WHAT IS EXPECTED: Only one stretch of the listing below is wanted. Give it again exactly, from the line with "Наркотики, синяки и" through the line with "a97b1a8c454 Ben Hogan".

DATA LISTING Block Start

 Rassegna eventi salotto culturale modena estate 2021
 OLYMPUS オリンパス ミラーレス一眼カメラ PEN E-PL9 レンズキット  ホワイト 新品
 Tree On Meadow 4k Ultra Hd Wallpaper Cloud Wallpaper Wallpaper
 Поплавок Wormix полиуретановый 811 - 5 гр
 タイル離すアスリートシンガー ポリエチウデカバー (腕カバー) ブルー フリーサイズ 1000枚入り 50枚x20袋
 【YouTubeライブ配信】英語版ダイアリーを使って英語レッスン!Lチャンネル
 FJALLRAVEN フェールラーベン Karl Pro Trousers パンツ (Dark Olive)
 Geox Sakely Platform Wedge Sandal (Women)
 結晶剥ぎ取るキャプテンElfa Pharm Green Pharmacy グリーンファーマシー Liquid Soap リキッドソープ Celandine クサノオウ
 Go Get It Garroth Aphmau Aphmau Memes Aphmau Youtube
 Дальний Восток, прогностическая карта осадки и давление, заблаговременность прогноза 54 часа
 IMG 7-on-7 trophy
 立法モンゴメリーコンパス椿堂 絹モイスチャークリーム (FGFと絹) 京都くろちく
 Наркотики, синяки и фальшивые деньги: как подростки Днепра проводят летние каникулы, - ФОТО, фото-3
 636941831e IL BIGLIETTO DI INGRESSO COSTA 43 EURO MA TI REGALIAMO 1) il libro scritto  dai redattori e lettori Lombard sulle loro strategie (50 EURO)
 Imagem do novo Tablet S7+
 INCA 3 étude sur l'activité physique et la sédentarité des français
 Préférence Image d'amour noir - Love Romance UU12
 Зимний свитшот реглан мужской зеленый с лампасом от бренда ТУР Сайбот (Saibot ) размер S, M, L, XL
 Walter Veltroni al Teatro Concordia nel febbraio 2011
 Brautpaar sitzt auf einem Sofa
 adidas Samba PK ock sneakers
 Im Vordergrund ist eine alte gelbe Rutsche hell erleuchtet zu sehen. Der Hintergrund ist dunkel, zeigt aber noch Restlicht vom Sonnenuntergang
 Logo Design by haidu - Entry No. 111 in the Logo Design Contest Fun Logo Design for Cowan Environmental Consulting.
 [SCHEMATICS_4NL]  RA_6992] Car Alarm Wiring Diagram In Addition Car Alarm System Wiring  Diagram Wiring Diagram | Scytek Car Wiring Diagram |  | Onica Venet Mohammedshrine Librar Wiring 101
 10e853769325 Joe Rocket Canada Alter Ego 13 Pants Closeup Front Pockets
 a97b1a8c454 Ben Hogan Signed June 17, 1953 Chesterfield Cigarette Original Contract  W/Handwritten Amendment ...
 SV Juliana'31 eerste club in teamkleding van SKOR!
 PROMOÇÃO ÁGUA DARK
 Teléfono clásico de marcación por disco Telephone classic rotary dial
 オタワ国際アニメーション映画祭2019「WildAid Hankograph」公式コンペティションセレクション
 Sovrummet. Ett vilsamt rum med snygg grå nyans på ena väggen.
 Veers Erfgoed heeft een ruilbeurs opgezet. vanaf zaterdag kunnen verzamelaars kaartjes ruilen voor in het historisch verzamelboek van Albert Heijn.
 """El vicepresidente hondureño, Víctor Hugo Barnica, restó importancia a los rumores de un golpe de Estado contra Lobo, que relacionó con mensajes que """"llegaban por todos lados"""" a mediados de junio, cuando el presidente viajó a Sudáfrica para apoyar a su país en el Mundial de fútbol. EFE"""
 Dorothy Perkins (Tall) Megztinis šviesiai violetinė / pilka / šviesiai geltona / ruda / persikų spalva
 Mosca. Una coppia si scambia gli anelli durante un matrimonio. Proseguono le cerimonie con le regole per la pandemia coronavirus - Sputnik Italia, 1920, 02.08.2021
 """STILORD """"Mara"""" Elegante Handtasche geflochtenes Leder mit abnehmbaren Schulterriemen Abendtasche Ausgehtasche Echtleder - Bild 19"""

DATA LISTING Block End

ANSWER BOX:
 Наркотики, синяки и фальшивые деньги: как подростки Днепра проводят летние каникулы, - ФОТО, фото-3
 636941831e IL BIGLIETTO DI INGRESSO COSTA 43 EURO MA TI REGALIAMO 1) il libro scritto  dai redattori e lettori Lombard sulle loro strategie (50 EURO)
 Imagem do novo Tablet S7+
 INCA 3 étude sur l'activité physique et la sédentarité des français
 Préférence Image d'amour noir - Love Romance UU12
 Зимний свитшот реглан мужской зеленый с лампасом от бренда ТУР Сайбот (Saibot ) размер S, M, L, XL
 Walter Veltroni al Teatro Concordia nel febbraio 2011
 Brautpaar sitzt auf einem Sofa
 adidas Samba PK ock sneakers
 Im Vordergrund ist eine alte gelbe Rutsche hell erleuchtet zu sehen. Der Hintergrund ist dunkel, zeigt aber noch Restlicht vom Sonnenuntergang
 Logo Design by haidu - Entry No. 111 in the Logo Design Contest Fun Logo Design for Cowan Environmental Consulting.
 [SCHEMATICS_4NL]  RA_6992] Car Alarm Wiring Diagram In Addition Car Alarm System Wiring  Diagram Wiring Diagram | Scytek Car Wiring Diagram |  | Onica Venet Mohammedshrine Librar Wiring 101
 10e853769325 Joe Rocket Canada Alter Ego 13 Pants Closeup Front Pockets
 a97b1a8c454 Ben Hogan Signed June 17, 1953 Chesterfield Cigarette Original Contract  W/Handwritten Amendment ...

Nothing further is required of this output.